С кругом этих проблем связан замысел данной диссертационной работы, посвященной изучению русских заимствований из романских языков.
Актуальность темы, как видно из сказанного, несомненна: современная лингвистика нуждается в точных данных об этом фрагменте русского лексикона.
Новизна предпринятого исследования заключается, во-первых, в интегральном подходе к массиву заимствований из разных романских языков (привычней их изучение «от языка-источника» - как галлицизмов, иберизмов и так далее). И, во-вторых, в реализации идеографического подхода, который помогает ответить на вопрос: номинация каких фрагментов языковой картины мира требует обращения к лексическим ресурсам романских языков.
Объектом исследования в данной работе является русская иноязычная лексика романского происхождения, вошедшая в язык в последнее столетие и зафиксированная русскими словарями.

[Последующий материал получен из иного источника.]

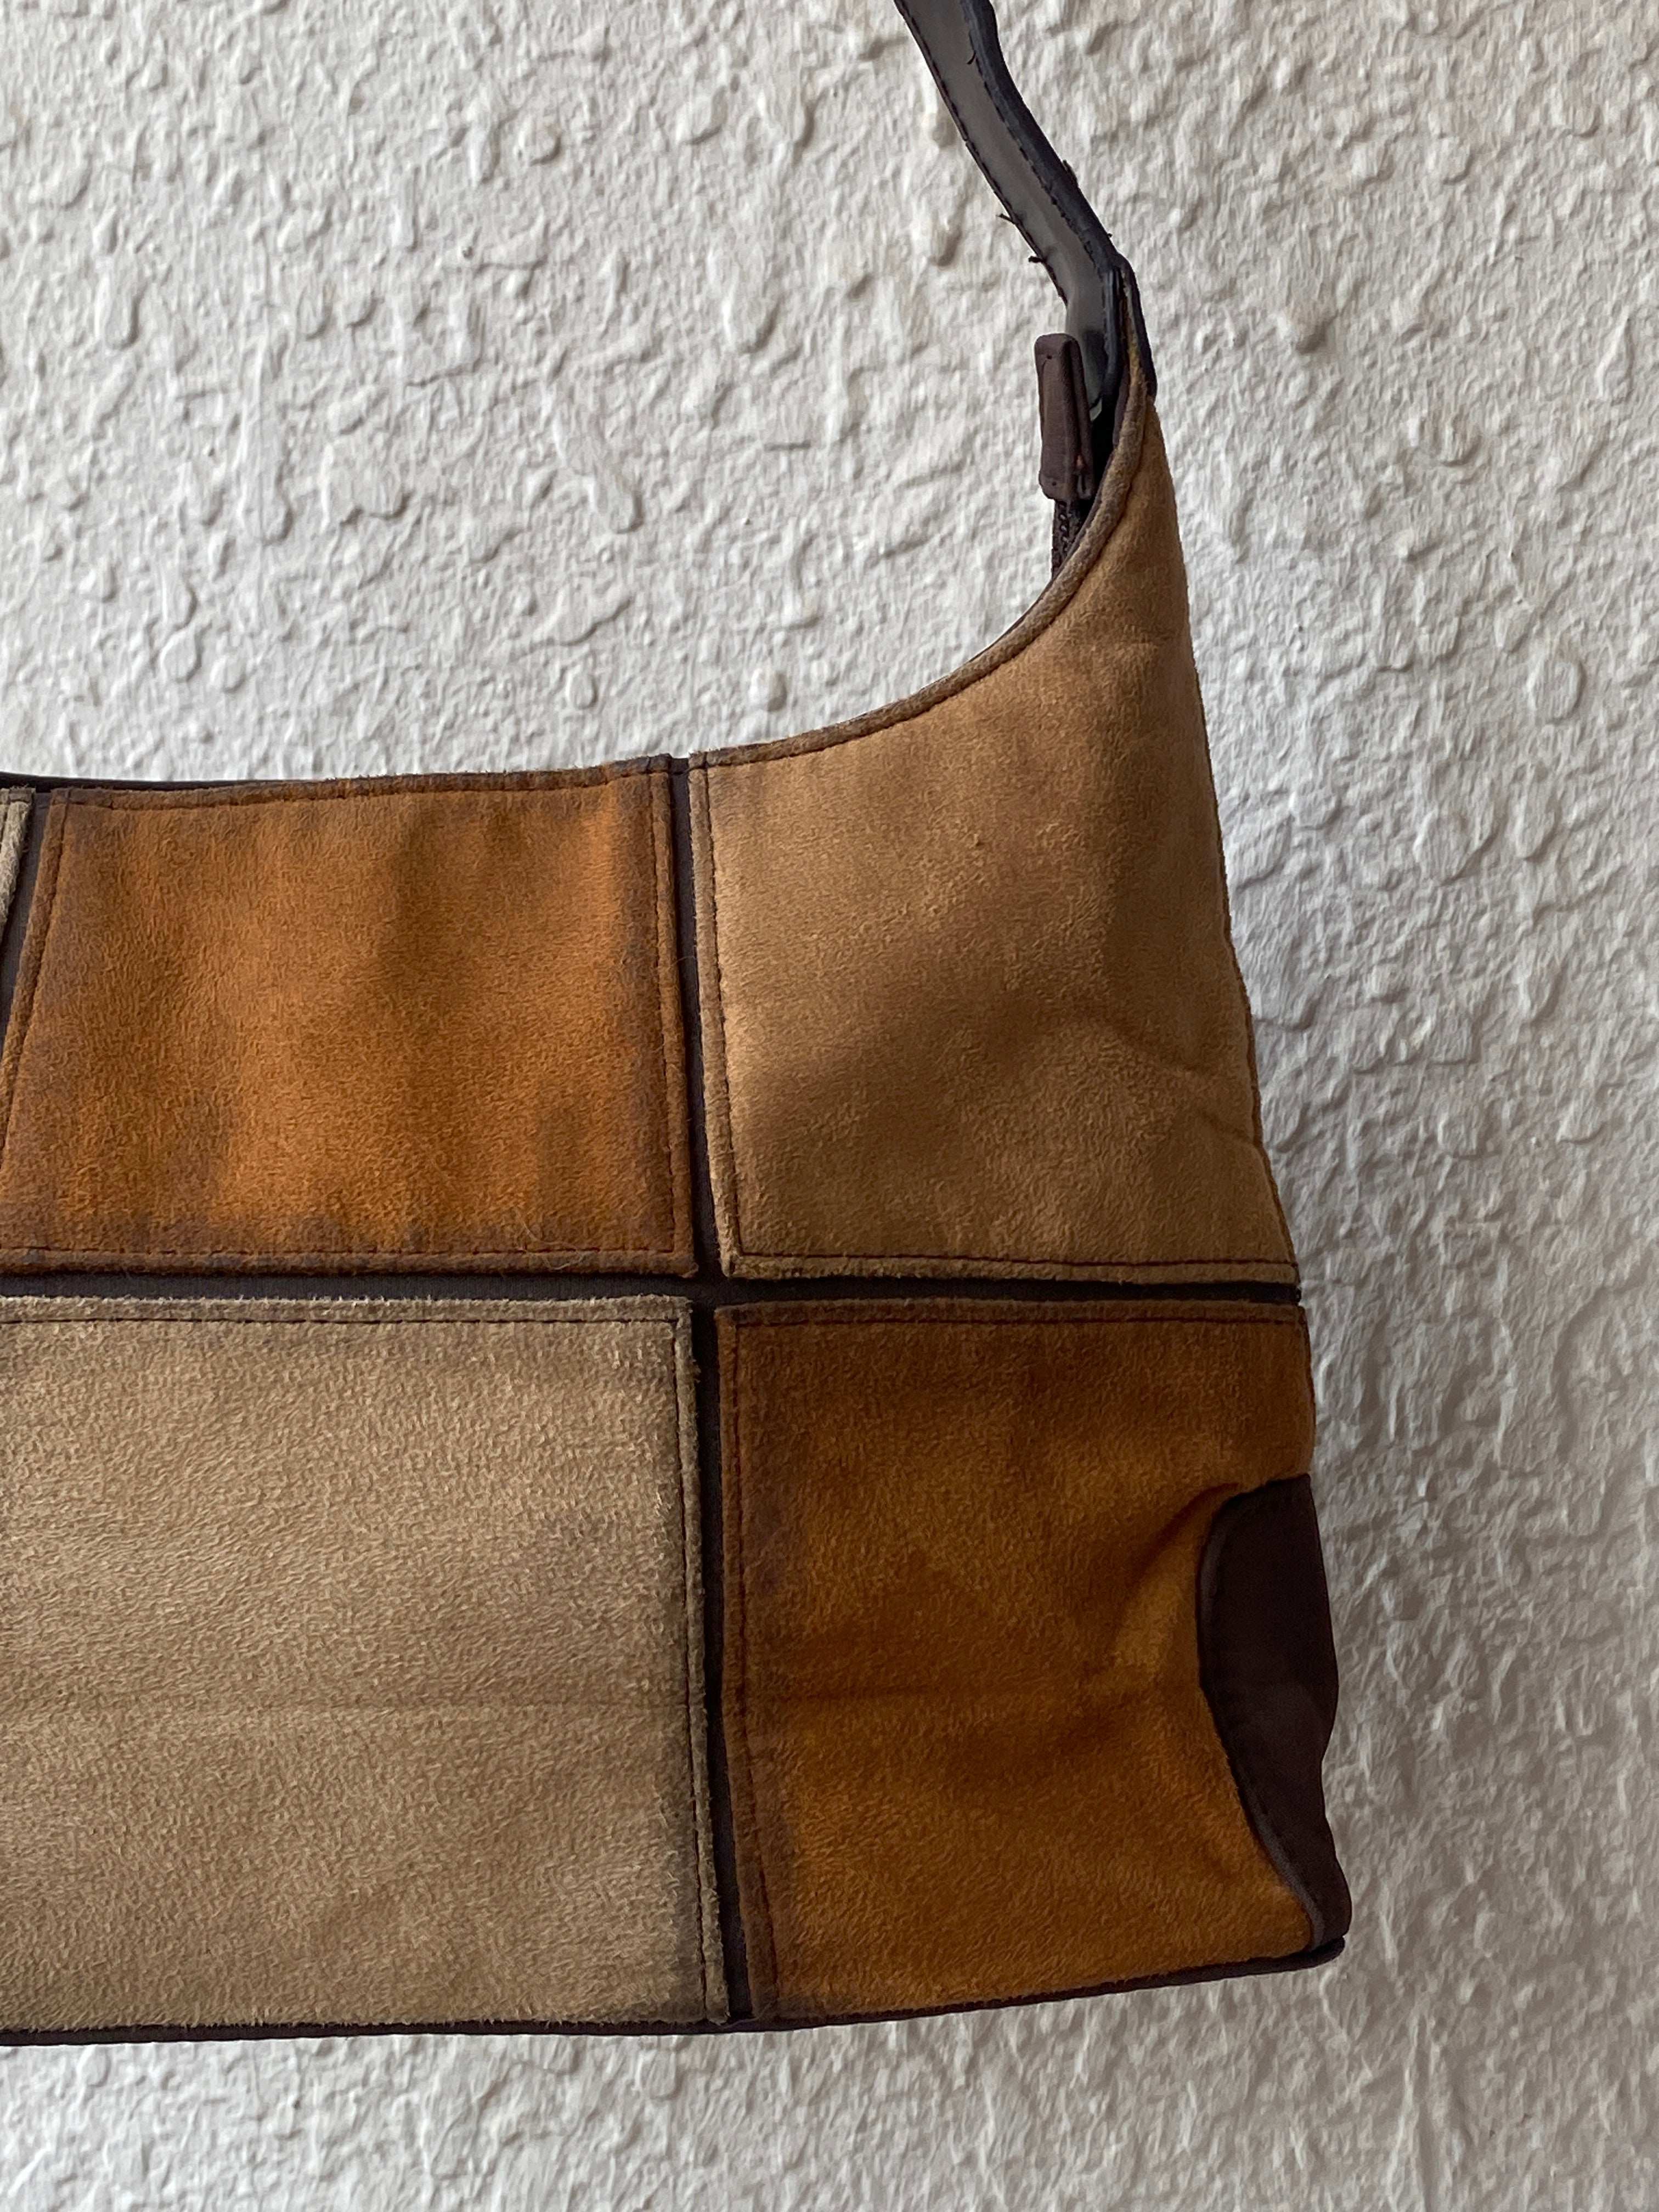 Vintage Patchwork Shoulder Bag - Balagan Vintage Bags 90s, bag, NEW IN
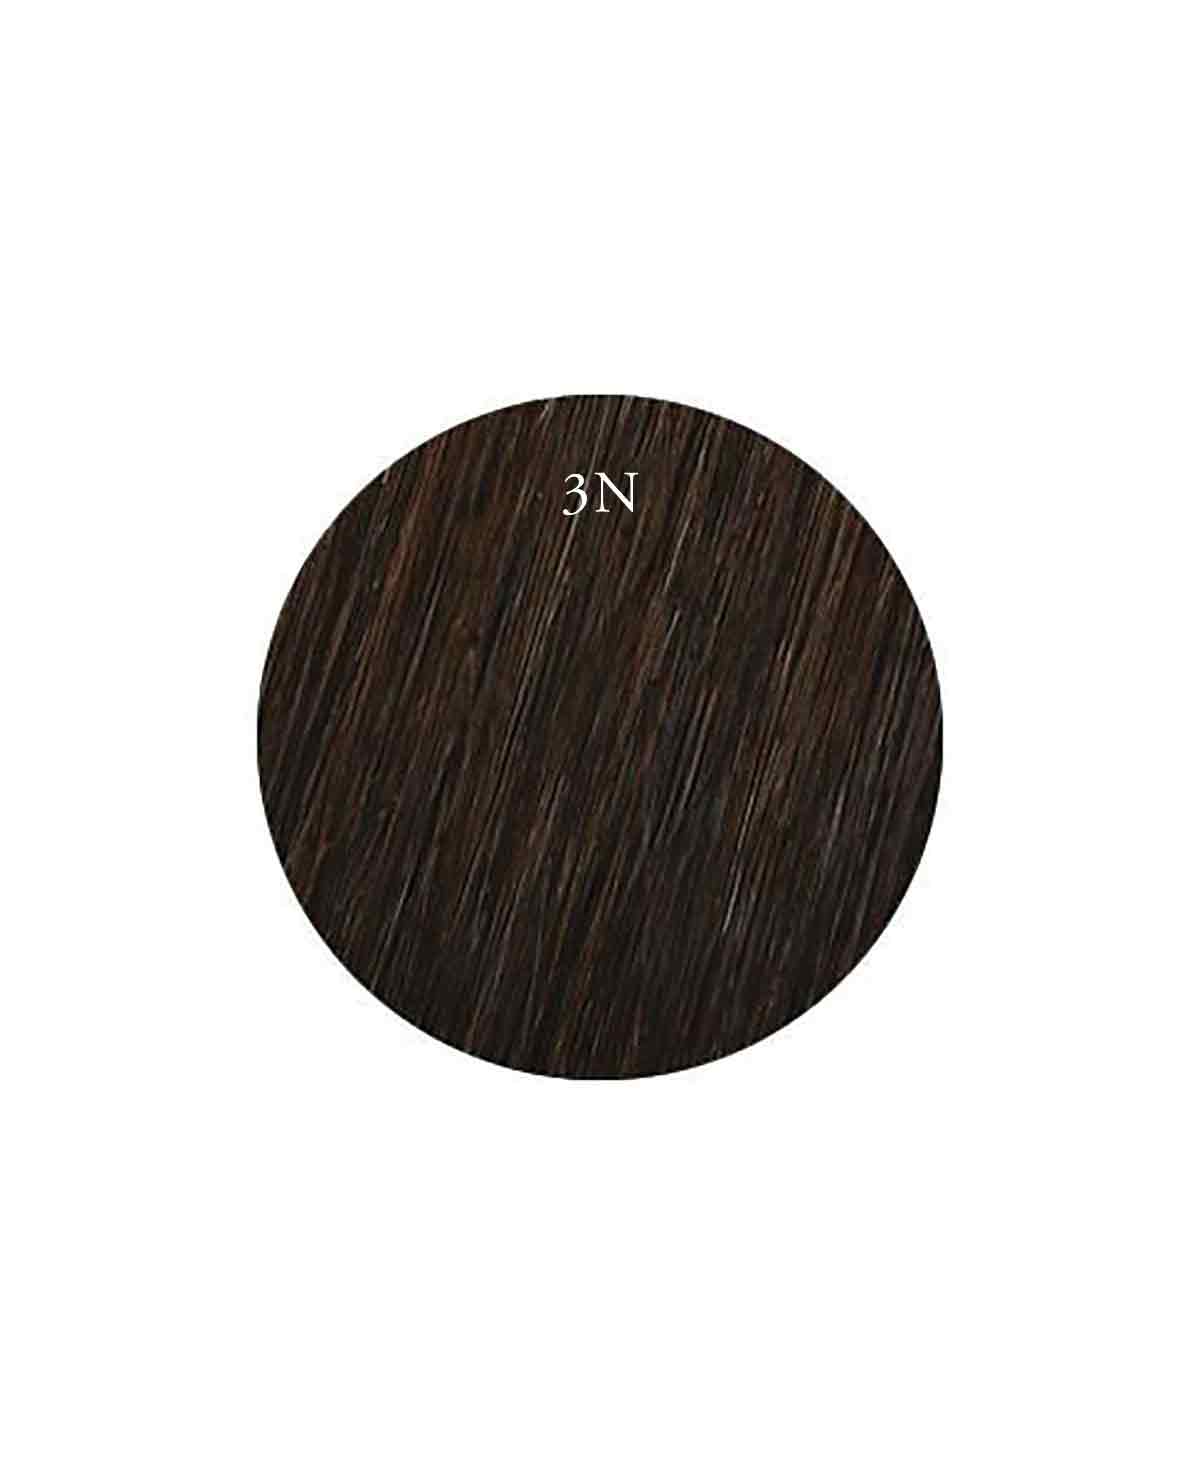 Showpony 45-50cm (20") Slim Tape Extensions - 3N Black Brown

Предметом изучения выступает лексикографическое описание этой лексики и ее семантика.
Цель работы - представить идеографическое описание лексики романского происхождения, объясняющее историю заимствования и номинативные потребности русского языка, удовлетворяющиеся за счет ресурсов романских языков.
В соответствии с этой целью необходимо было решить следующие задачи:
1. сформировать корпус исследуемых лексем, опираясь на данные лексикографических источников;
2. определить временные рамки процессов вхождения романской лексики в русский язык и избрать для конкретного исследования определенный период, обосновав выбор лингвистическими и экстралингвистическими факторами;
3. составить представление об изученности романских заимствований в русистике и их лексикографическом описании;
4. опираясь на опыт этого изучения, а также на идеи современной лексикологии и семантики, выработать принципы идеографического описания рассматриваемой лексики;
5. представить идеографическое описание изучаемой лексики;
6. на основе подготовленного описания сделать выводы о роли и месте романских заимствований в русском языке, их семантической специфике;
7. подготовить сводный словарь романских заимствований в русском языке;
8. подготовить материалы для идеографического словаря романских заимствований в русском языке.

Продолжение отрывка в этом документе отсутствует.